LOS ANGELES – A widowed Muslim man has spent the last two decades caring for terminally ill children, offering them a rare home feeling in their final days.
“The key is, you have to love them like your own,” Muhamed Bzeek, 62, told Los Angeles Times, according to a Gofundme page started by Oakland resident Margaret Cotts.
“I know they are sick. I know they are going to die. I do my best as a human being and leave the rest to God.”
Arriving in the US as a student in 1978, Bzeek said he and his late wife started looking after sick youngsters in the late 1980s.
The couple also cared for their disabled 19-year-old son Adam, who suffers from dwarfism and brittle bone disease.
Losing his wife to death, Bzeek now cares for a paralyzed six-year-old who is also blind and deaf.
“I know she can’t hear, can’t see, but I always talk to her. She has feelings. She has a soul. She’s a human being,” he said.

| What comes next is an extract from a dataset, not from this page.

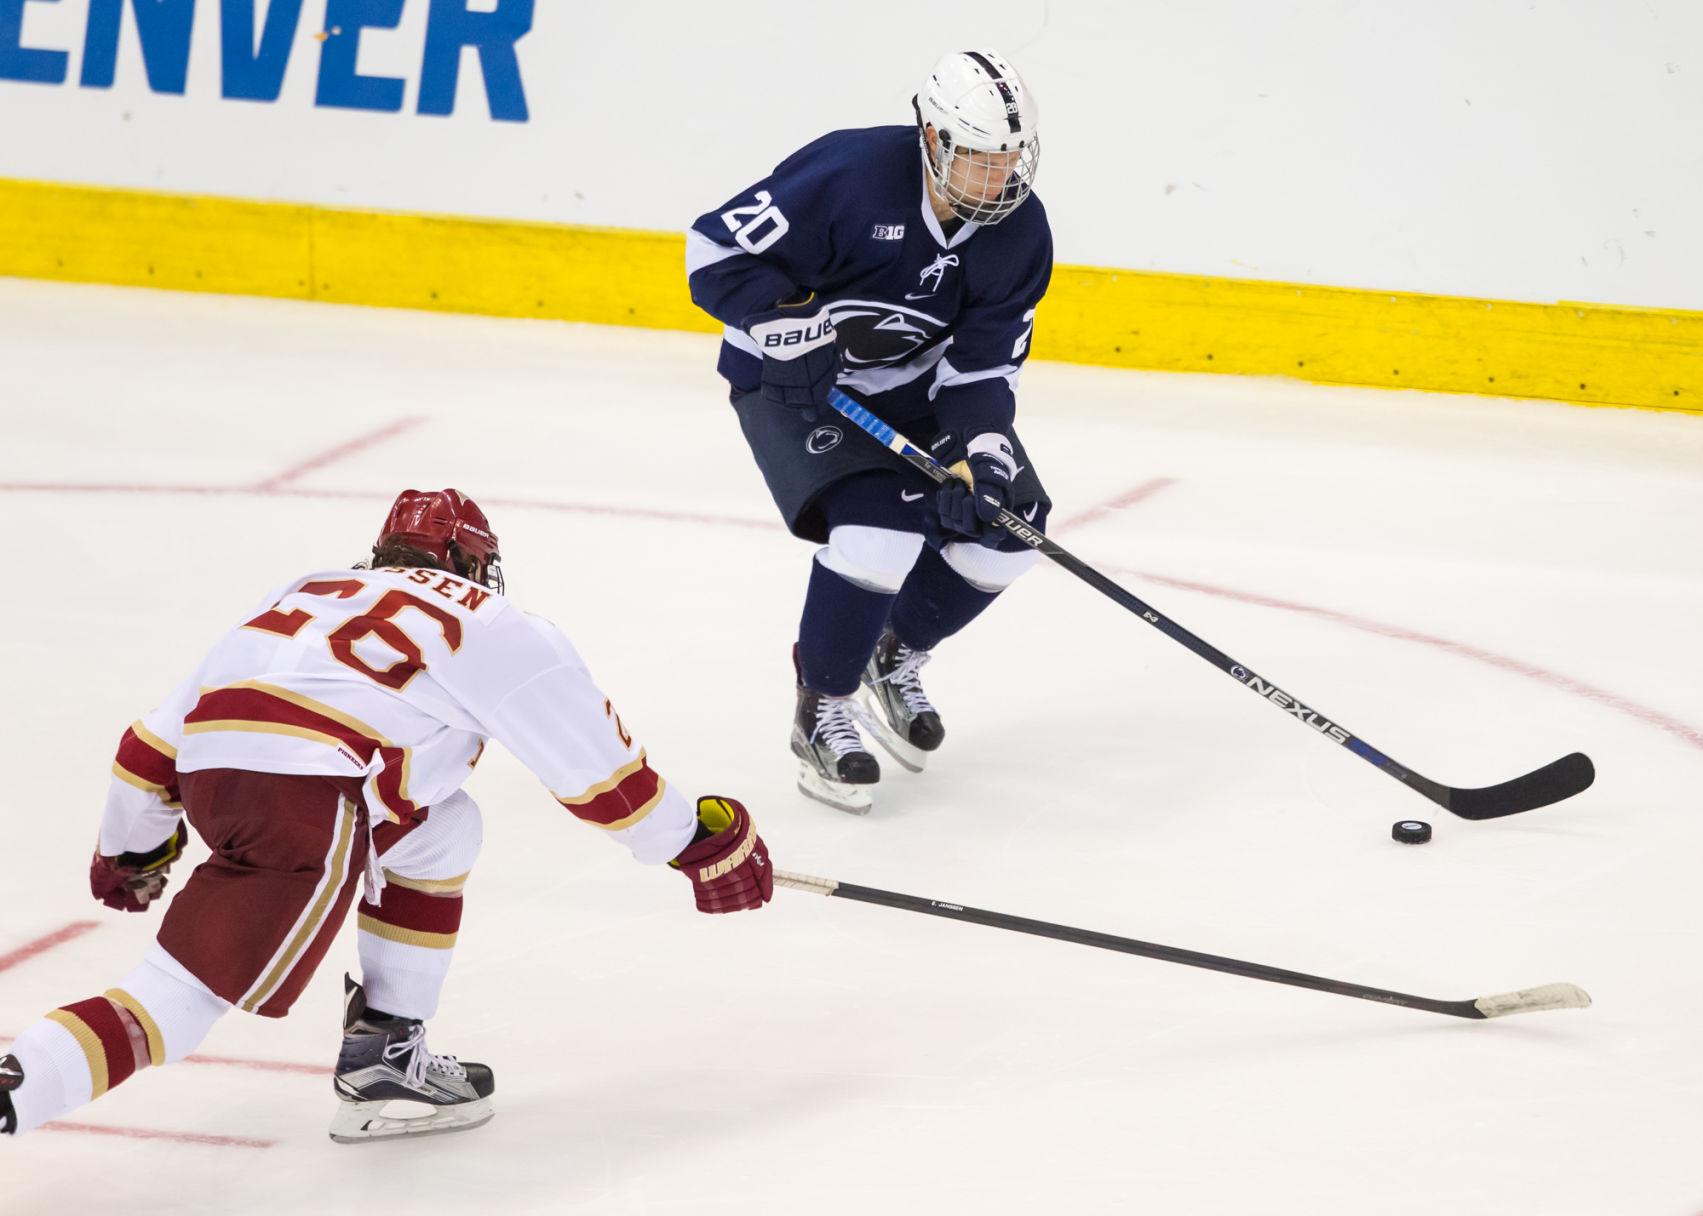 NCAA Tournament: Can Penn State Men's Hockey Take Down Powerhouse Denver?

Dr. Suzanne Roberts, who oversees her care at Children’s Hospital Los Angeles, said the unidentified girl would have been dead by now if it wasn’t for Bzeek.
Melissa Testerman, who places unwell children with foster parents, also praised Libya-born Bzeek.
“If anyone ever calls us and says, “This kid needs to go home on hospice,” there’s only one name we think of,” she said.
“He’s the only one that would take a child who would possibly not make it.”